In federated learning, the server acts as a central coordinator to manage the collaborative training of a machine learning model across decentralized devices or clients. Its primary role is to orchestrate the training process by distributing the initial model, aggregating updates from clients, and ensuring the system operates efficiently while preserving data privacy. Unlike traditional centralized training, the server does not directly access raw data from clients—instead, it handles model parameters or gradients, enabling training without exposing sensitive information.

The server first initializes a global model and shares it with participating clients, such as smartphones, IoT devices, or edge servers. For example, a healthcare application might involve hospitals training a model on patient data stored locally at each institution. The server then waits for clients to compute updates using their local data. These updates—often gradients or adjusted model weights—are sent back to the server, which aggregates them to improve the global model. A key task here is handling inconsistencies, such as clients dropping out or submitting updates at different times, while maintaining training stability.

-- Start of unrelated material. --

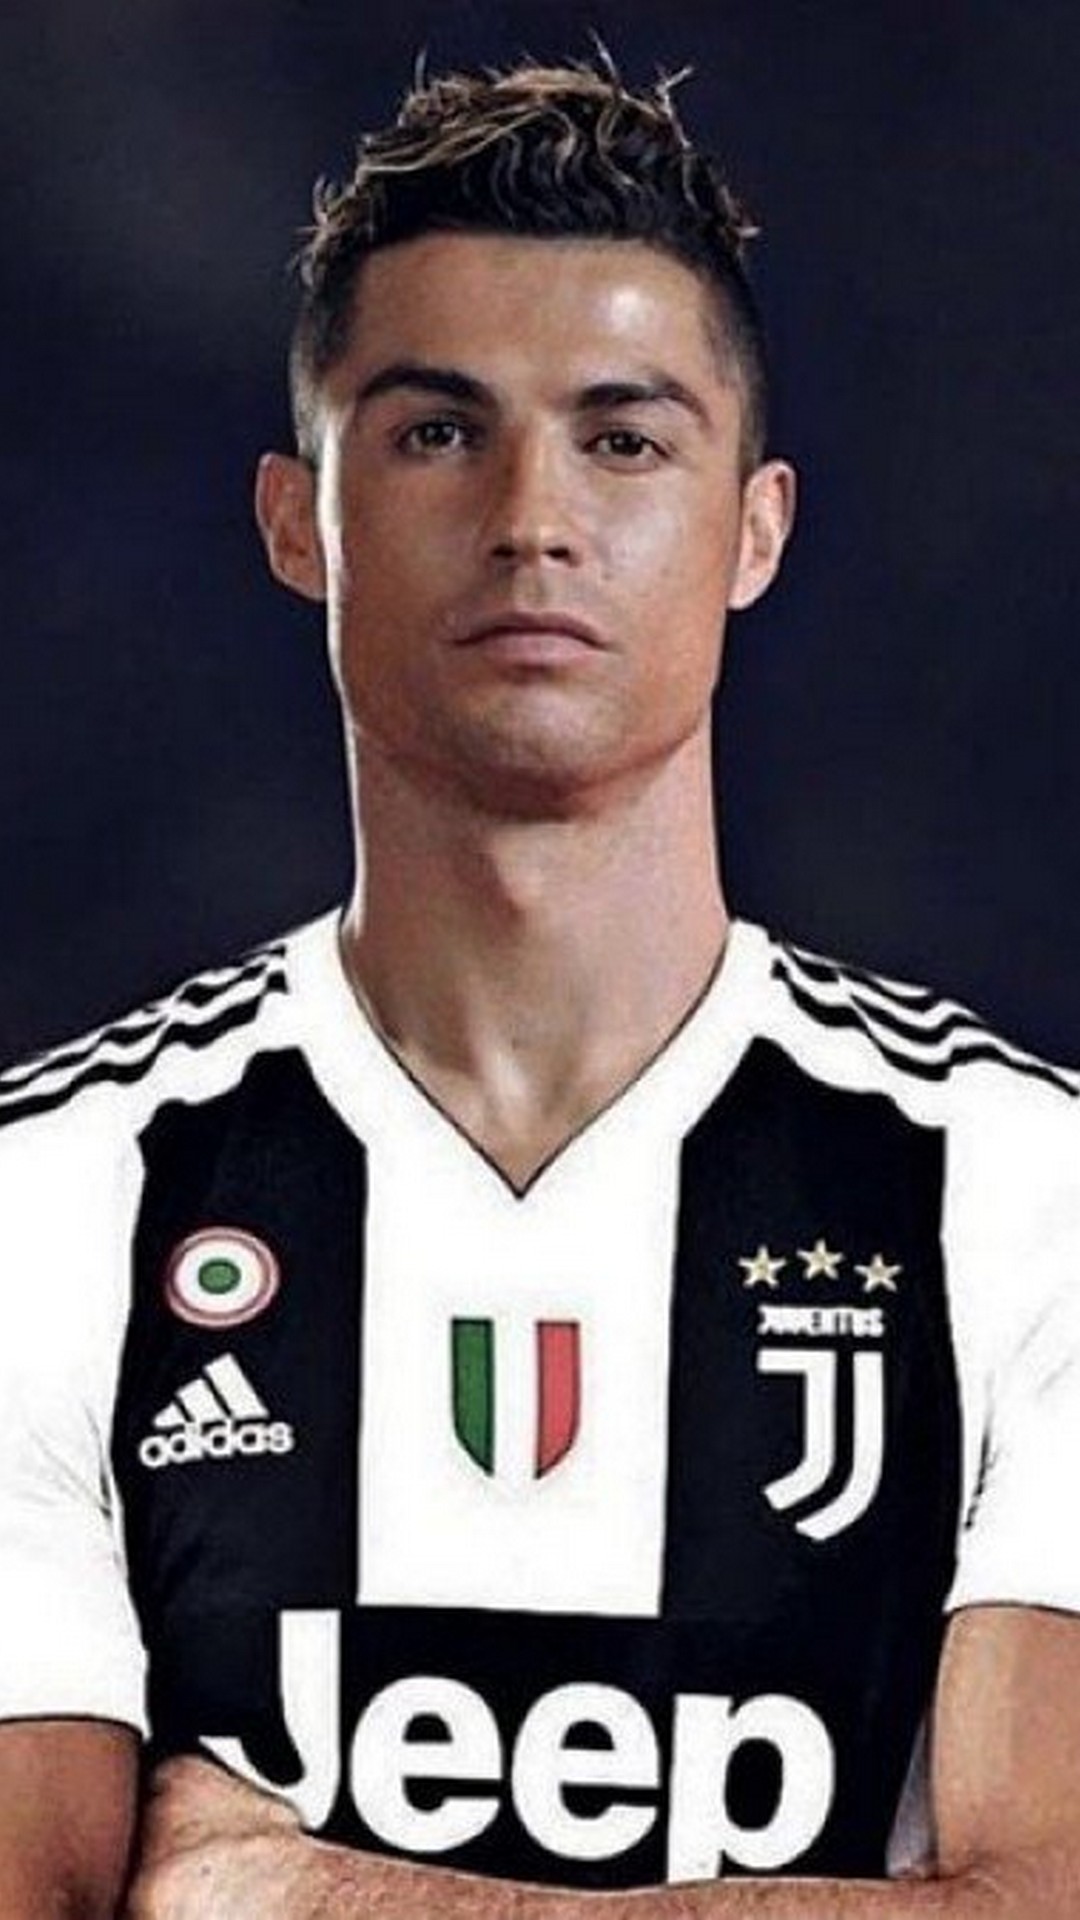 Wallpaper CR7 Juventus iPhone with resolution 1080X1920 pixel. You can make this wallpaper for your iPhone 5, 6, 7, 8, X backgrounds, Mobile Screensaver, or iPad Lock Screen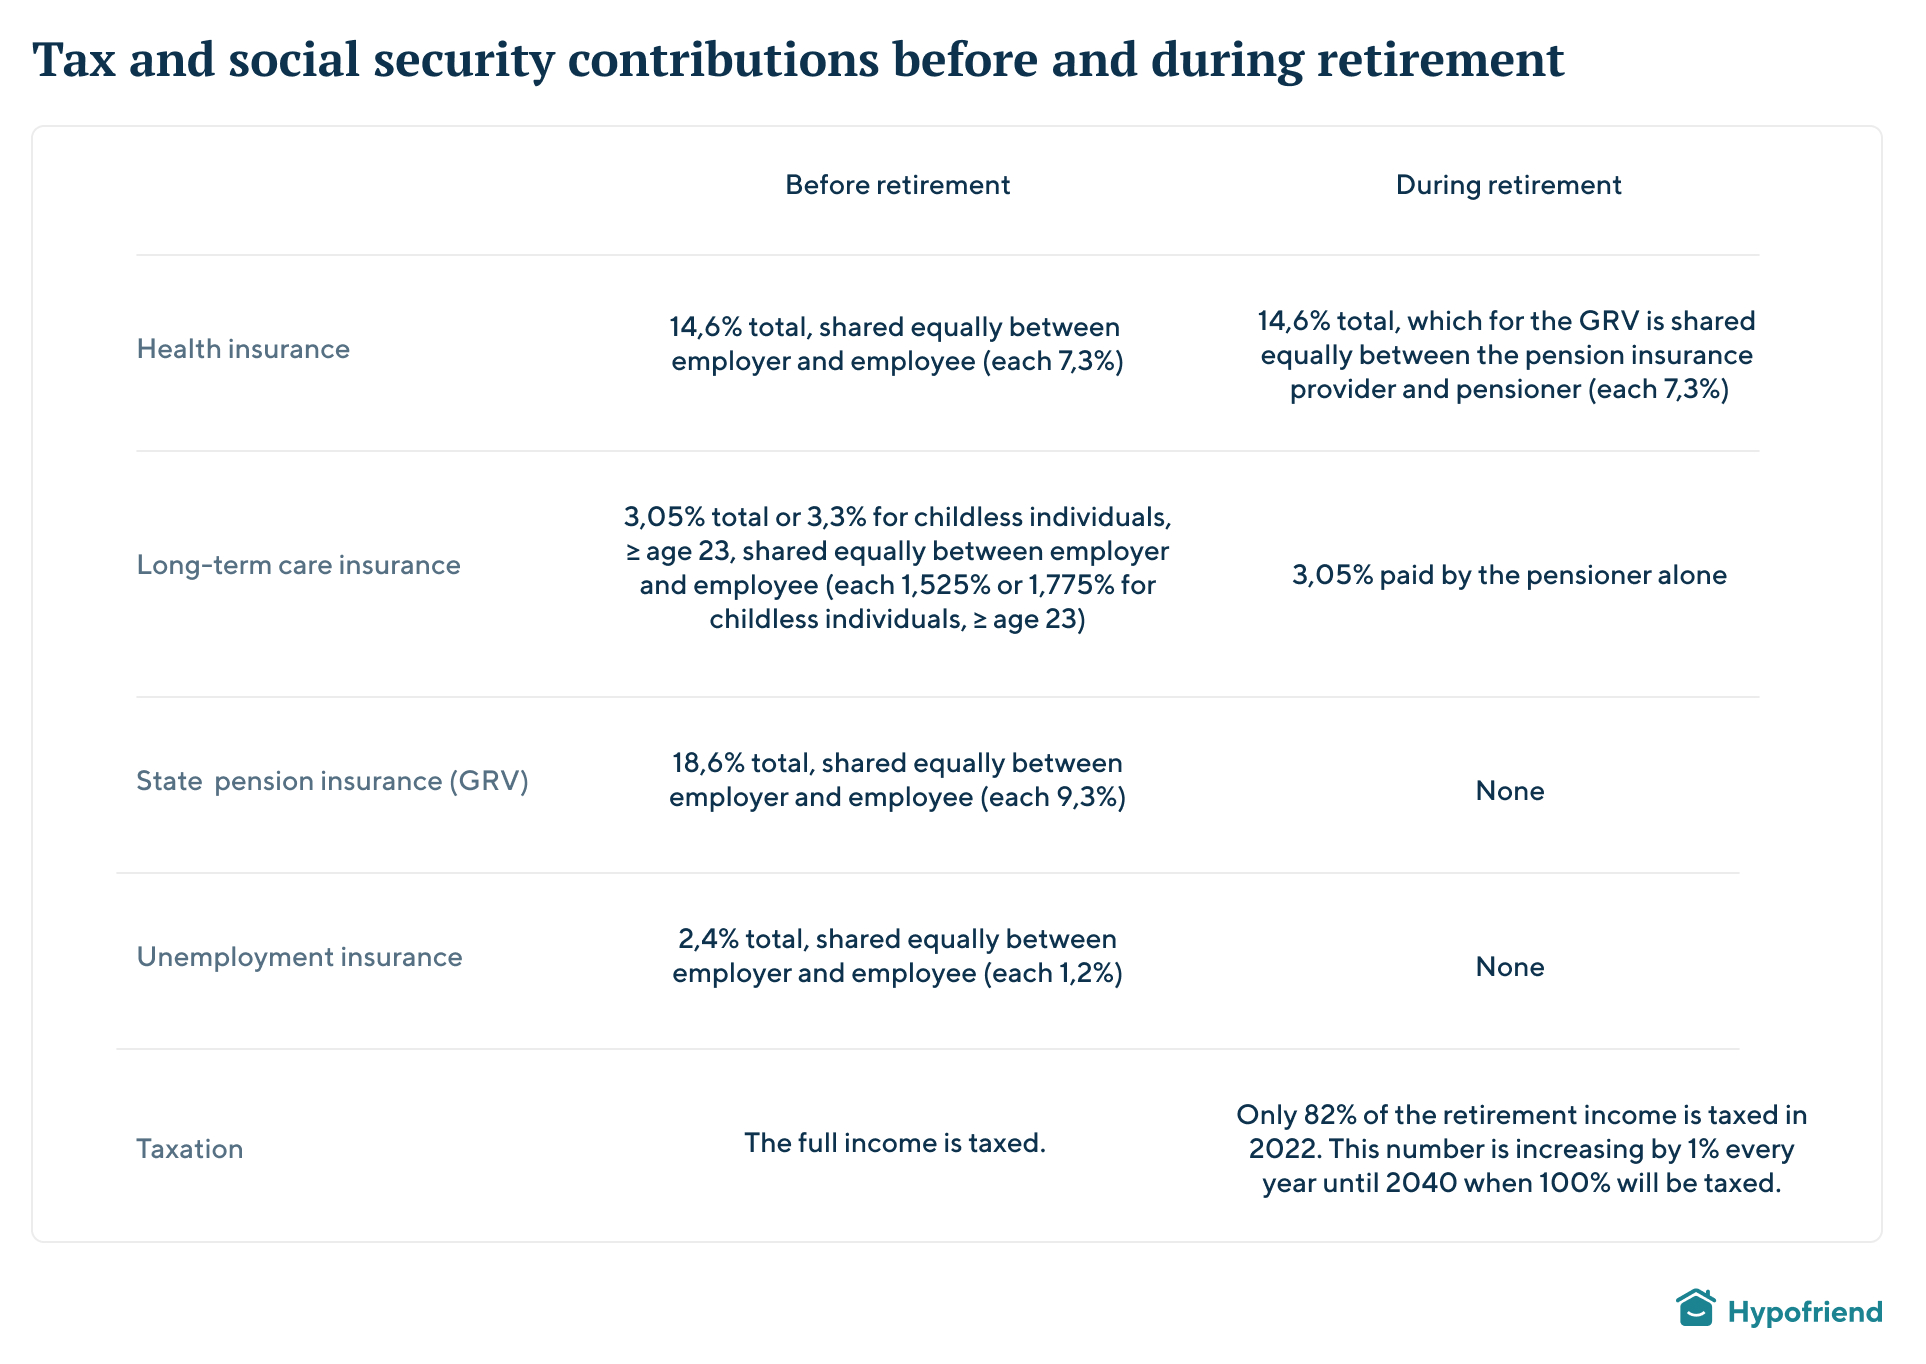 taxes-social-contribution-before-during-retirement

Finally, the server employs aggregation algorithms (e.g., Federated Averaging) to combine client updates into a single improved global model. This involves weighting contributions based on factors like dataset size or data quality. For instance, a server might prioritize updates from devices with larger, more representative datasets. It also enforces security measures, such as encryption or secure multi-party computation, to prevent malicious actors from tampering with updates. By iterating this process—distribute, collect, aggregate—the server progressively refines the model until it achieves satisfactory performance, all while keeping client data decentralized and private.